Canadian Immigration is undergoing some Major transformations
By Author: Admin | February 29, 2012
Canada is in the process of re-examining some of their immigration regulations. No one is saying for sure what is going to be changed. Canadian Prime Minster Stephen Harper outlined a plan for broad and lasting economic change in Canada at the World Economic Forum this past week. Included in this economic change was a reorganization of the Canadian Immigration Program.
Harper went on to state that, “We will ensure that, while we respect our humanitarian obligations and family reunification objectives, we make our economic and labour force needs the central goal of our immigration efforts in the future”. While no specific details about the changes in the immigration policy were included, Harpers word did hint at some of the changes that may be seen in the future.
Immigration Minister Jason Kenney later expanded on some of the ways that the immigration program could be reorganized to address the economic issues Harper mentioned. He made a point of mentioning that Canada had no intention of reducing the number of immigrants they accepted. One of the possible changes to the immigration process that he expanded upon was the point system that is presently used in the skilled workers program. He said that in future the skilled workers program would be looking more closely at younger workers, people with pre-arranged jobs, and that the system would become more proactive.
Kenney said that in future the skilled workers program would be looking at applicants with skills learned through experience on the job rather than just at those with higher education degrees. At present the skilled workers program has been selecting based on education as opposed to experience. While there will still be opening for those applicants with higher education, there will now be more openings available to skilled trades that are learned through on-the-job experience.

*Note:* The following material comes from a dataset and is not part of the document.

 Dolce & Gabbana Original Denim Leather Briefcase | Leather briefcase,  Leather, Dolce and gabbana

This will open up many new areas and skills for people applying for immigration under the skilled workers program. It will also allow Canada to benefit from immigrants that have the skills that are missing at the moment. Many of the Provincial Nominee Programs are already focusing on this sector of the immigration population and it has been working very well for them; allowing them to build a strong and healthy economy.

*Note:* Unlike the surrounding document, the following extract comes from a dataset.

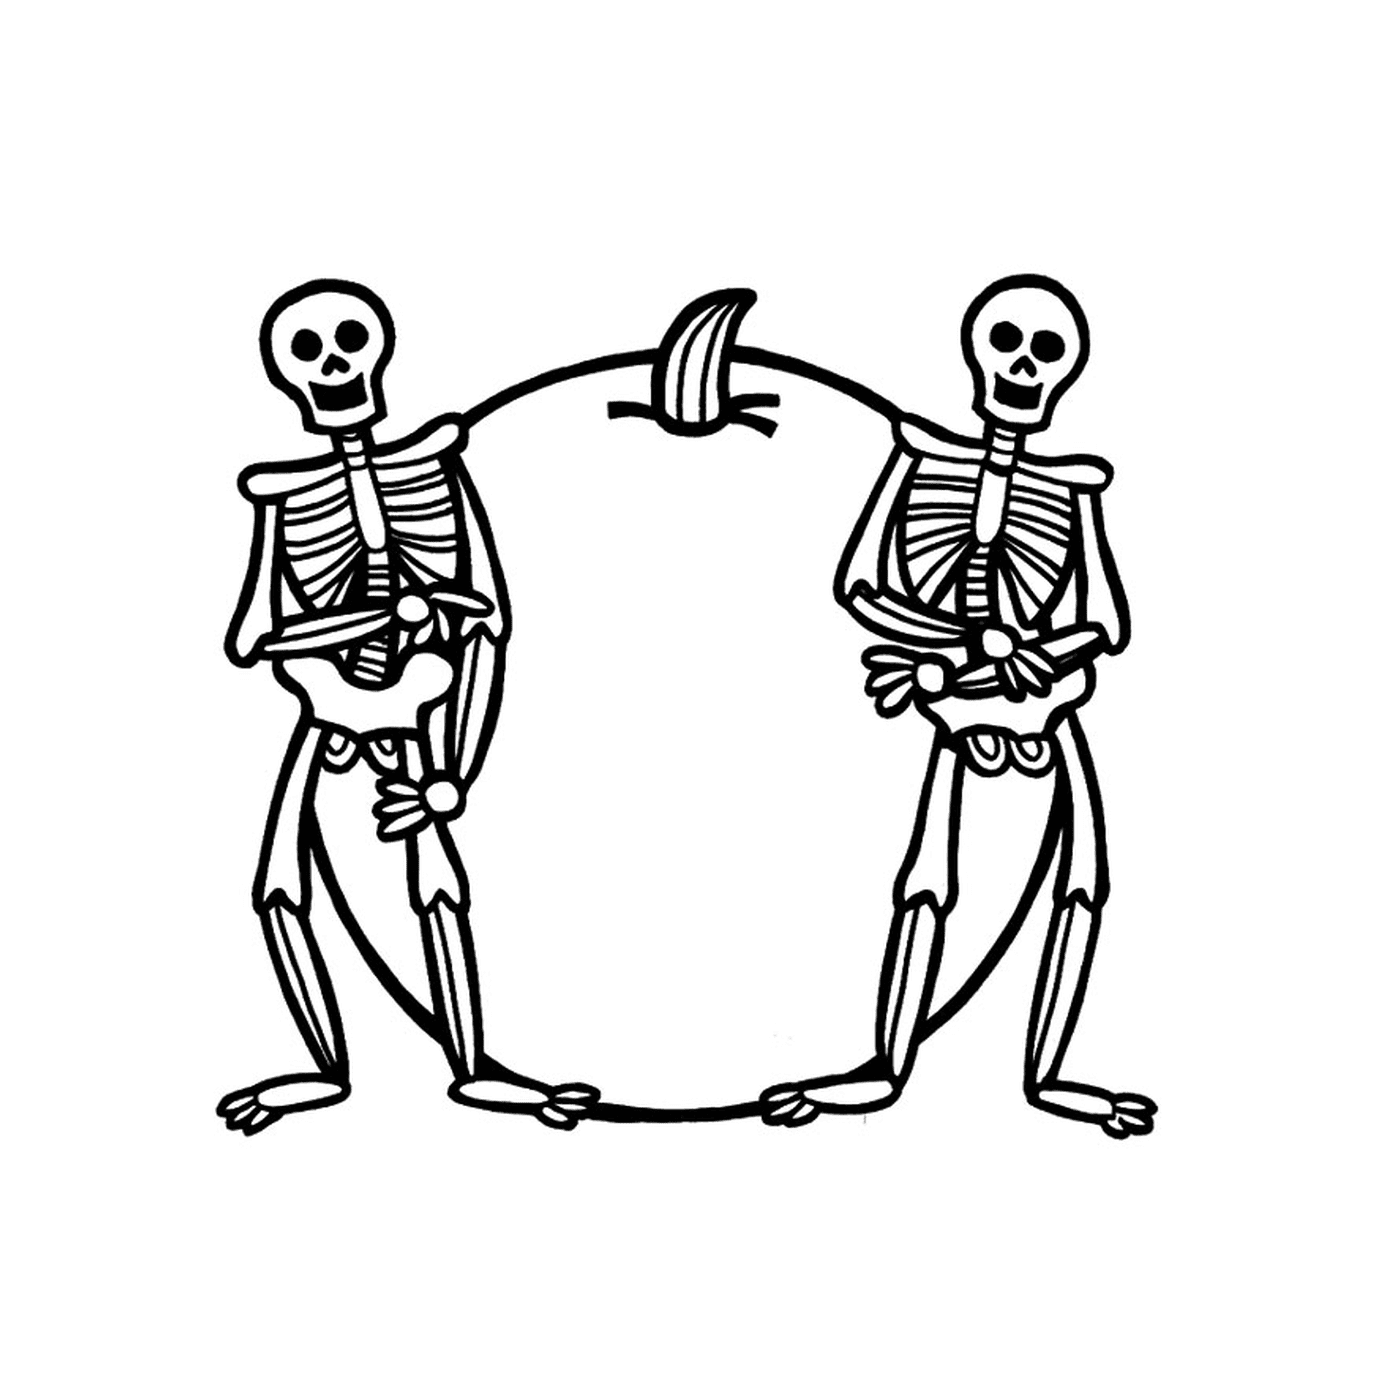  Два скелета рядом с яблоком

Kenney also mentioned that changes would be made in the entrepreneurial and investor programs, as well. It is believed that businesses and investors who are interested in moving to Canada to set up high tech and research and development-based companies will find a welcome. These are seen as the businesses of the future and will help to promote the image that Canada is seeking to establish. More is expected to be announced about the changes to the immigration program in the near future.